But here, things get pretty icky. The upper left and lower right corners are really, really unlikely to appear under normal variation. I mean really, really, really. Those corner points are around 10 standard deviation units (in the 45 degree direction) from the mean. Did I say really, really, really, really unlikely. Like, I dunno, one chance in about 100 sextillion? I mean, the chance of me getting a phone call from Albert Munsell while giving a keynote at the Munsell Centennial Symposium are greater than that.

Summarizing, the method that has been discussed - individually applying standard one dimensional SPC tools to each of the L*, a*, and b* axes individually - can fail to flag data points that are far outside of the normal variability of color. This happens whenever there is a correlation in the variation between any two of the axes. I have demonstrated with real data that such variation is not unlikely, in fact, it is likely to happen when a single pigment is used to create color at hue angles of 45, 135, 225, or 315 degrees.

What to do?

In the figure above, I also added an ellipse as an alternative control limit.
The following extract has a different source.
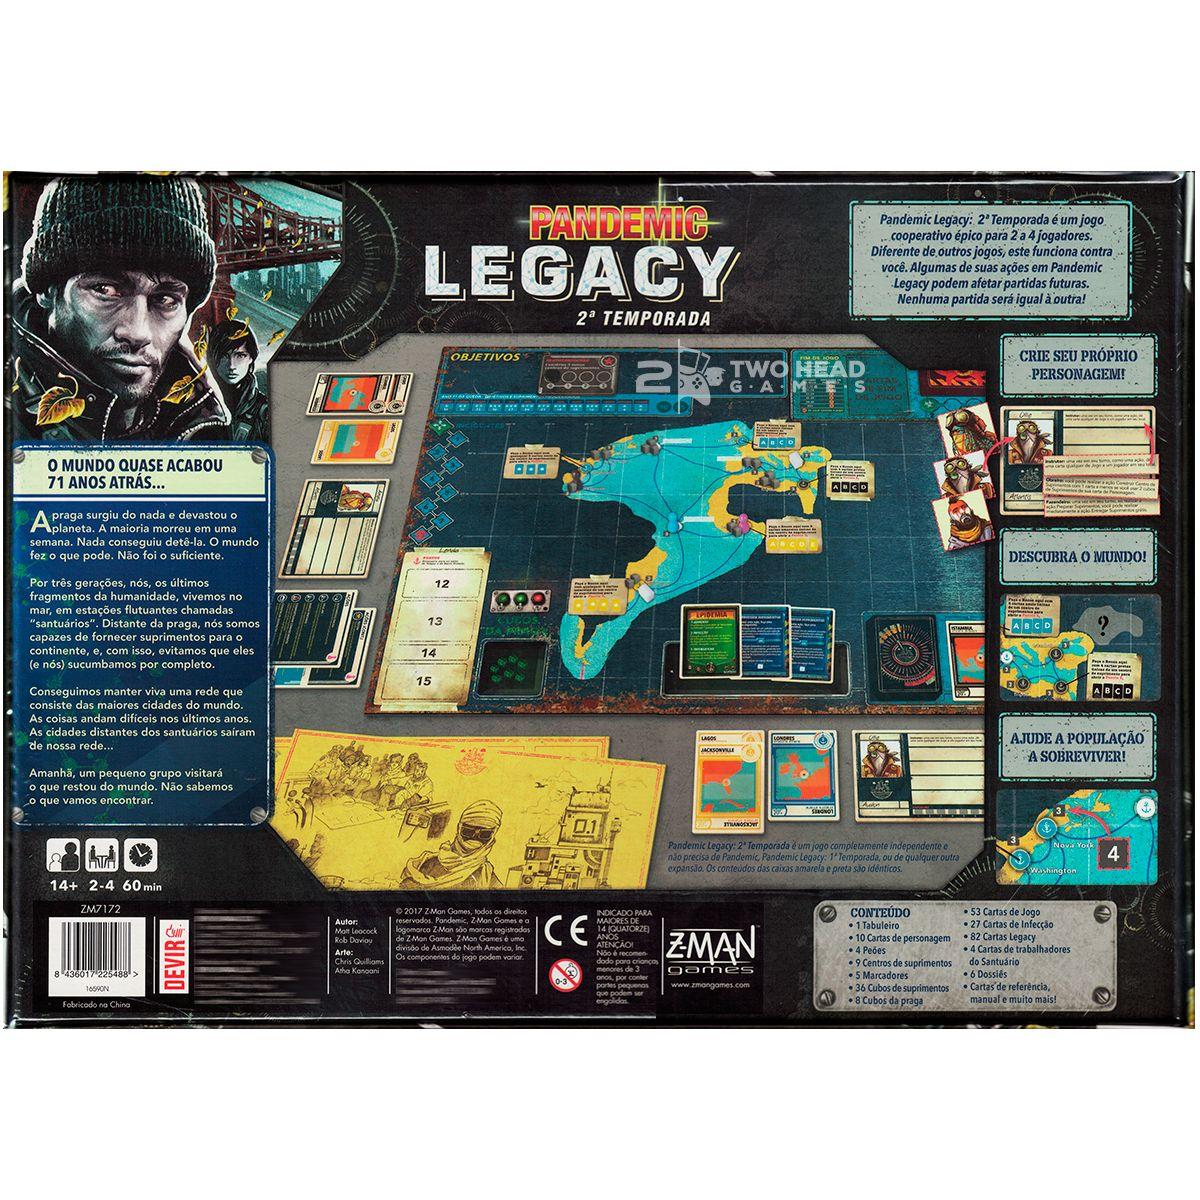 Pandemic Legacy 2ª Temporada Black Jogo de Tabuleiro Devir
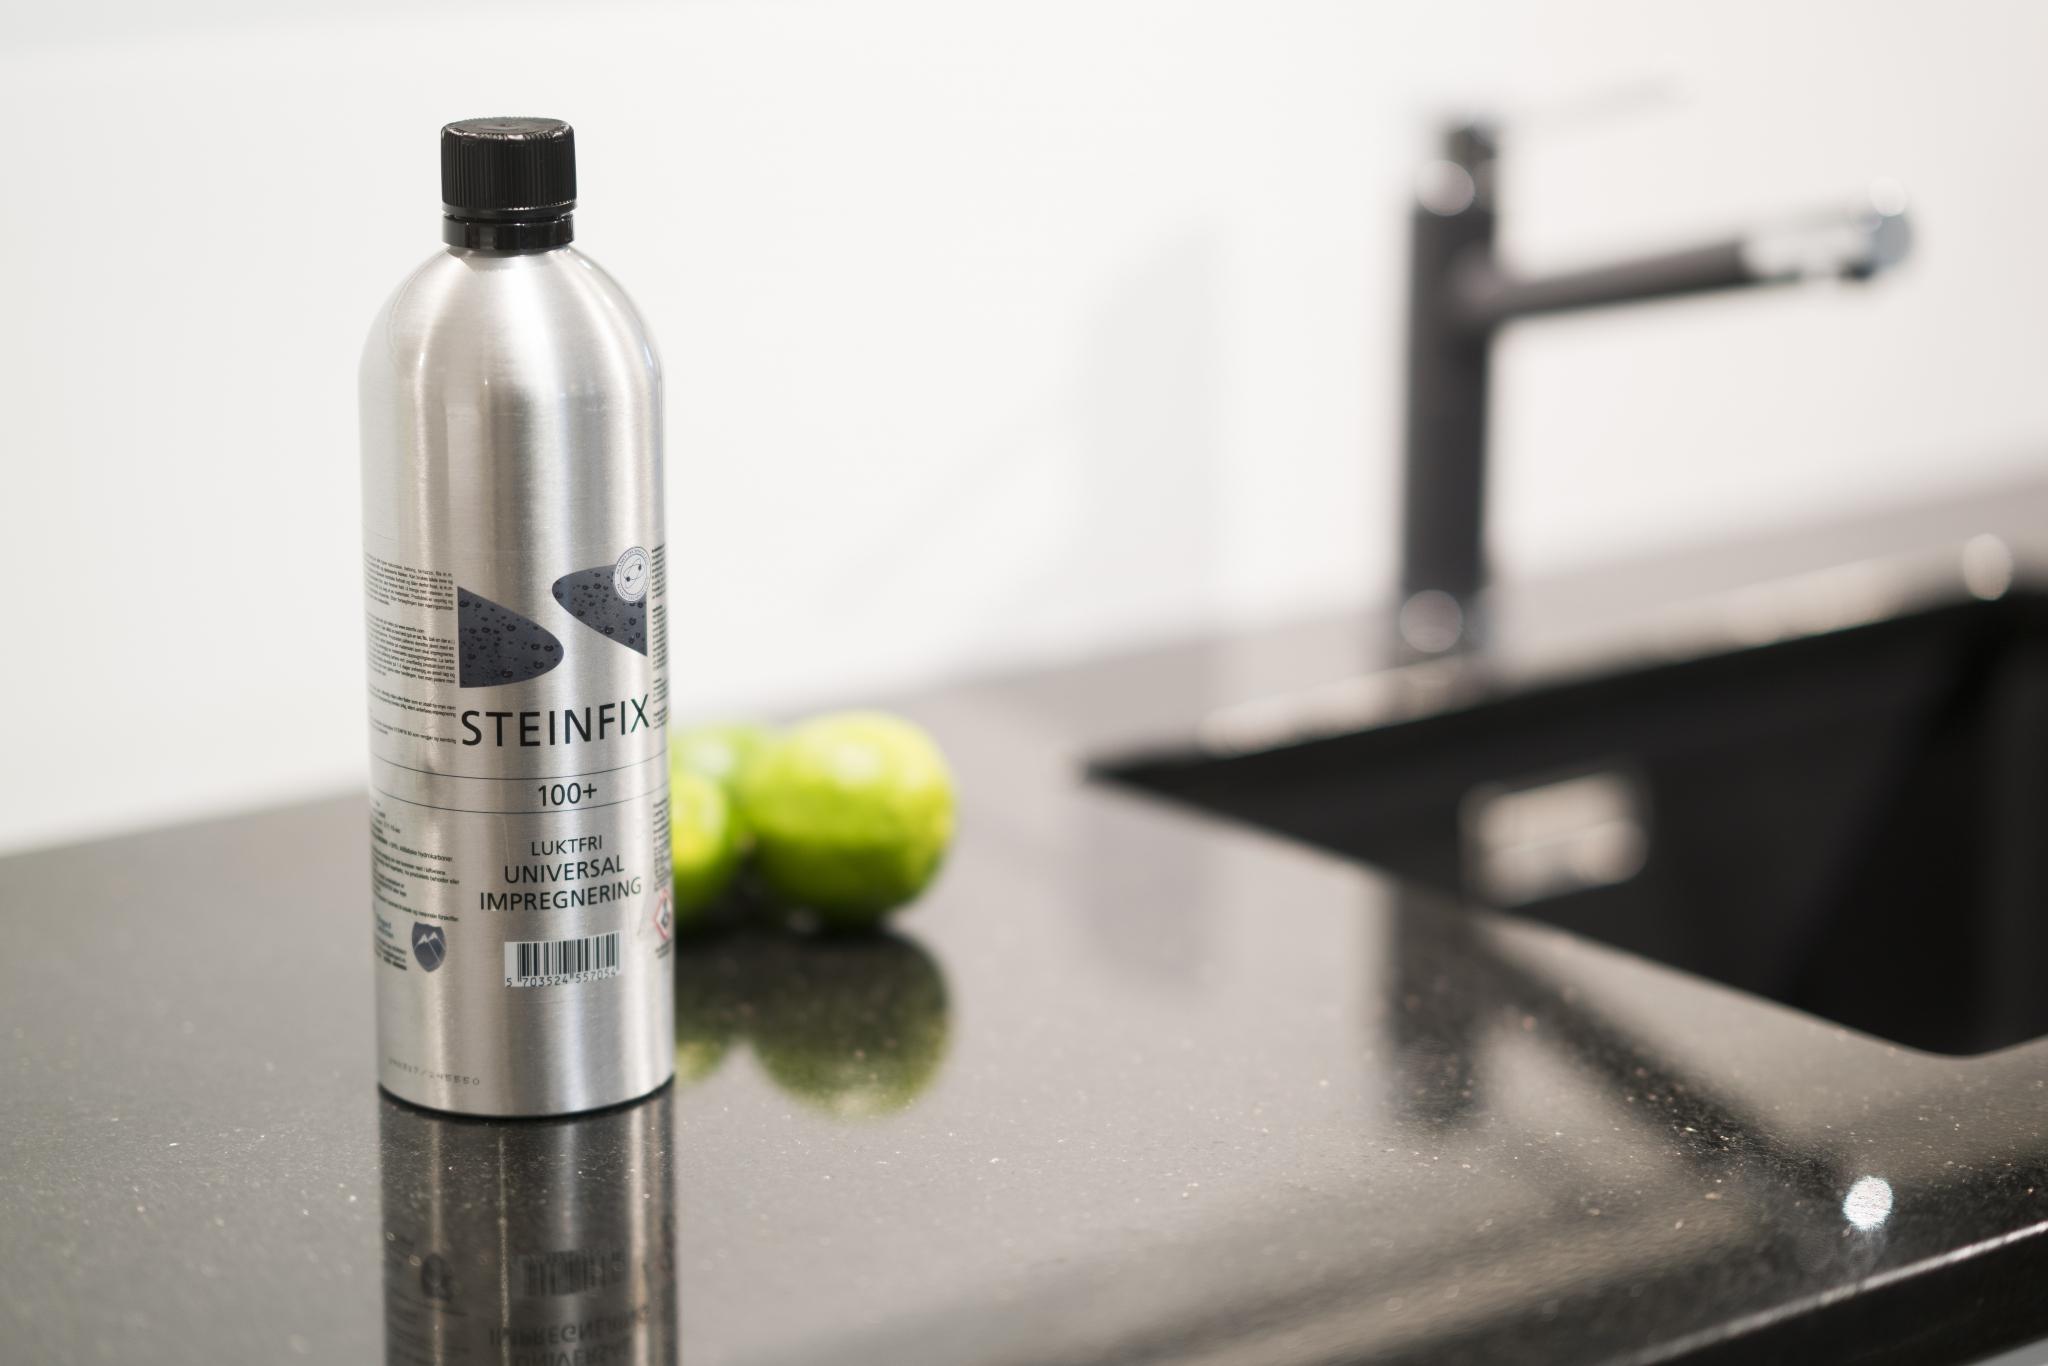 Steinfix 100+ flaske stående på benkeplate. Foto.

All points within the ellipse are considered normal variation, and all points outside the ellipse are an indication of something weird happening. I would argue that the elliptical control limit is far more accurate than the box.

If we rotated the axes in the L*b* scatter plot of cyan by 44 degrees counter-clockwise, we have an ellipse that is perpendicular to the new horizontal and vertical axes. When we look at the points in this new coordinate system, we have rekindled the beauty that we saw in the yellow scatter plot. We can meaningfully look at the variation in the horizontal direction separately from the variation in the vertical direction. From there, we can do the normalization that I spoke of before and compare against the chi-squared distribution. This gives us the elliptical control limit shown below. (Or ellipsoidal, if we take in all three dimensions.)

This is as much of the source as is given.